Erst diese ständige (umfassende) Begleitung des Antragstellers ermöglichte ihm eine gewinnbringende Teilnahme am Unterricht. Diese Leistung berührt den Kernbereich pädagogischer Tätigkeit nicht. Es kommen hier grundsätzlich alle Maßnahmen in Betracht, die im Zusammenhang mit der Ermöglichung einer angemessenen Schulbildung geeignet und erforderlich sind, die Behinderungsfolgen zu beseitigen oder zu mildern. Schulbegleiter übernehmen lediglich den Unterricht begleitende Assistenzdienste, und zwar auch dann, wenn sie den behinderten Schüler außerhalb des Unterrichtsraums bei Einzelarbeitsphasen betreuen und unterstützen. Hier handelt es sich um eine wichtige Absicherung des Antragstellers am Unterrichtsgeschehen.

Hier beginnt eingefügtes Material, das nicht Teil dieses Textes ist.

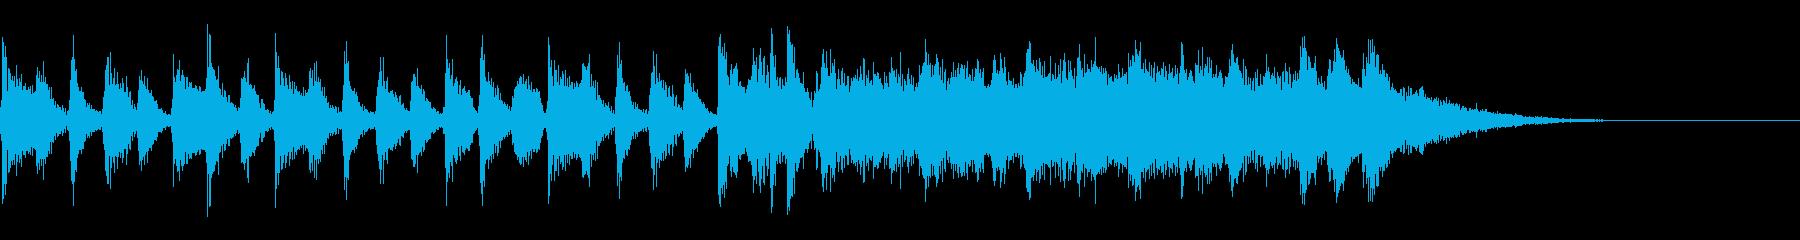 ニュースオープニングの再生済みの波形

Die eigentliche pädagogische Gestaltung der auf Weisung der Schule zu bearbeitenden Aufgabenstellung verbleibt stets bei der Lehrkraft.
Sozialgericht Dresden, Beschluss vom 7. Juni 2019 (S 3 AY 29719.ER):
Ein mögliches Fehlverhalten der Leistungen nach dem AsylbLG begehrenden Eltern, z. B. eine rechtsmissbräuchliche Beeinflussung der Aufenthaltsdauer gemäß § 2 Abs. 1 AsylbLG, ist ihren minderjährigen Kindern im Rahmen der Gewährung von Leistungen nach § 2 AsylbLG nicht zuzurechnen, da diese Vorschrift ein höchstpersönliches Element beinhaltet. Kinder können eigenständig einen Anspruch entsprechend § 2 Abs. 1 AsylbLG herleiten, und zwar ohne Berücksichtigung der Situation der Eltern.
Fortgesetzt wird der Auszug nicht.